NKP608: a selective NK-1 receptor antagonist with anxiolytic-like effects in the social interaction and social exploration test in rats

Regul Pept 2000 Dec 22;96(1-2):7-16.PMID:11102646DOI:10.1016/s0167-0115(00)00194-4.

NKP608 is a non-peptidic derivative of 4-aminopiperidine which acts as a selective, specific and potent antagonist at the neurokinin-1 (NK-1) receptor both in vitro and in vivo. In vitro, the binding of NKP608 to bovine retina was characterized by an IC50 of 2.6+/-0.4 nM, whereas the compound's affinity to other receptor binding sites, including NK-2 and NK-3, was much lower. Species differences in IC(50) values with NKP608 were less pronounced than with previously described NK-1 receptor antagonists, being 13+/-2 and 27+/-2 nM in gerbil midbrain and rat striatum, respectively.
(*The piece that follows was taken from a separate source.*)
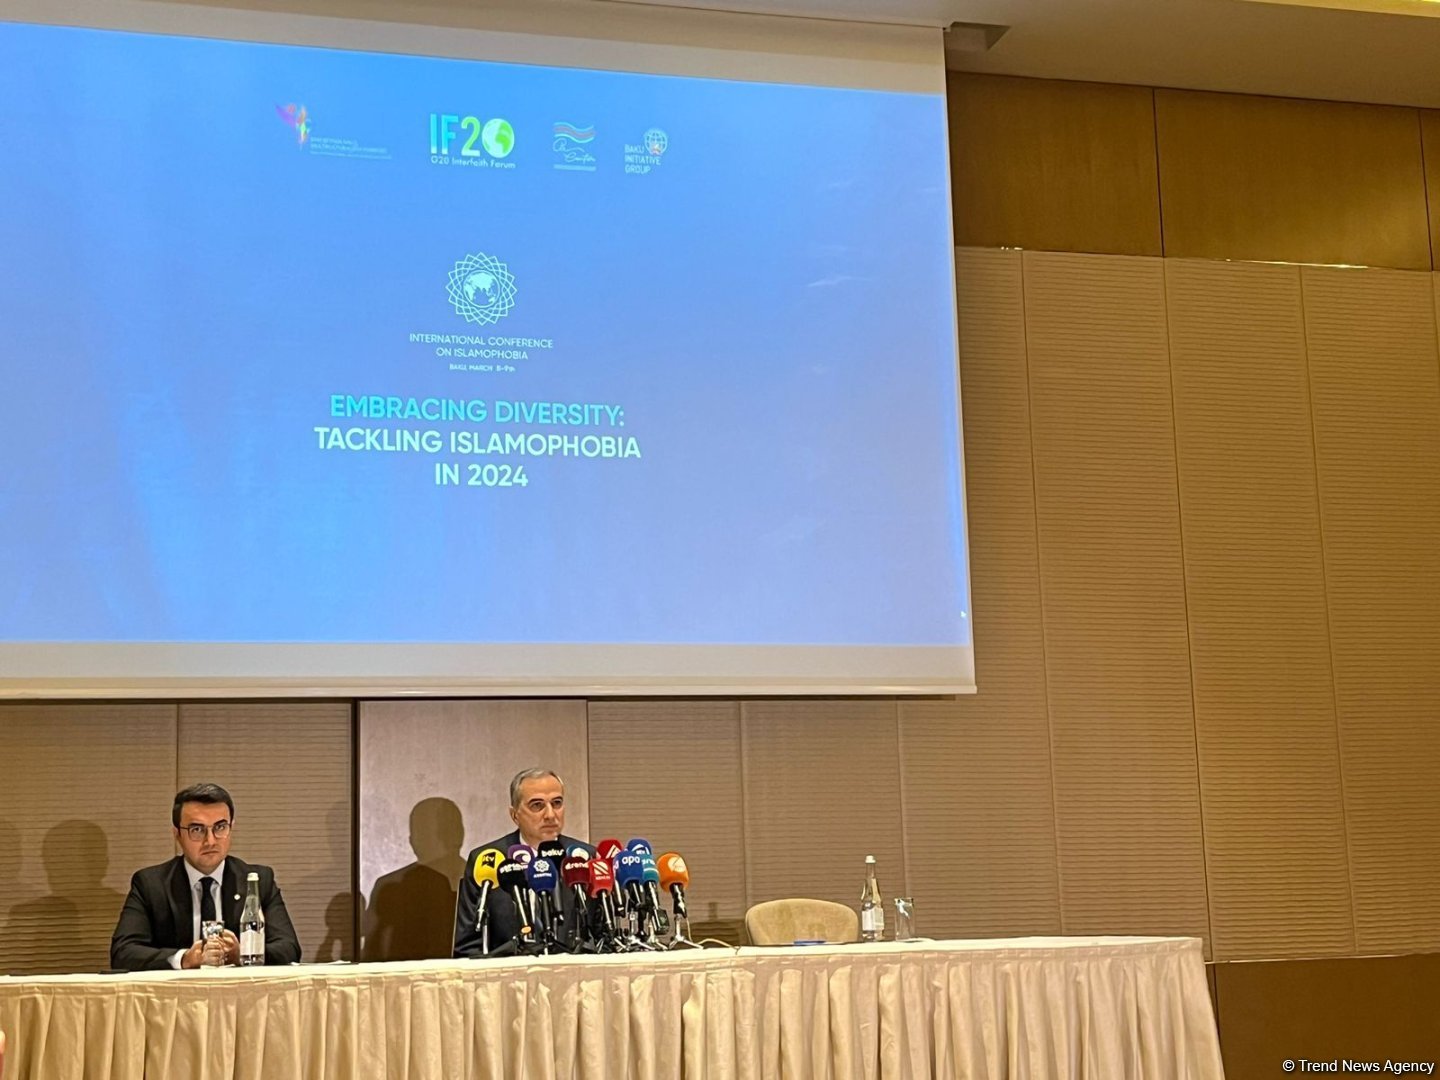 В Баку пройдет международная научная конференция "Сохранение разнообразия: борьба с исламофобией в 2024 году"

In vivo, using the hind foot thumping model in gerbils, NKP608 exhibited a potent NK-1 antagonistic activity following oral administration (ID(50)=0.23 mg/kg; 2 h pretreatment), supporting a central activity of NKP608. The compound had a long duration of action with an ID(50) value of 0. 15 mg/kg p.o. and 0.38 mg/kg p.o. following a pretreatment of 5 and 24 h, respectively. Following a subchronic administration for 7 consecutive days (once daily) there was no evidence for the development of tolerance or accumulation. In the social interaction test performed in a highly illuminated, unfamiliar test arena, NKP608 specifically increased the time the two rats spent in social contact, and there was no concomitant increase in parameters reflecting general activity, i.e. ambulation (number of square entries) or the number of rearings. Active social time was maximally increased at a dose range of 0.01-1 mg/kg p.o. NKP608, the effect being weaker or absent at both lower (0.001 mg/kg p.o.) and higher (10 mg/kg p.o.) doses. A comparable bell-shaped dose-response relation was seen in the social exploration test in rats. In this modified resident/intruder paradigm, maximal increase in social contact of the intruder rat directed towards the resident rat was seen at a similar dose range (0.03-3 mg/kg p.o.) The effects observed following an acute oral administration of NKP608 were comparable to those seen following a treatment with the well-known benzodiazepine, chlordiazepoxide, in both these tests. These findings indicate that NKP608 exhibits an anxiolytic-like effect and that this effect, as concluded from the observed antagonism of the hind foot thumping induced by i.c.v. administration of the NK-1 receptor agonist SPOMe, is centrally mediated. This makes this compound a potentially promising candidate for treating anxiety-related disorders in humans.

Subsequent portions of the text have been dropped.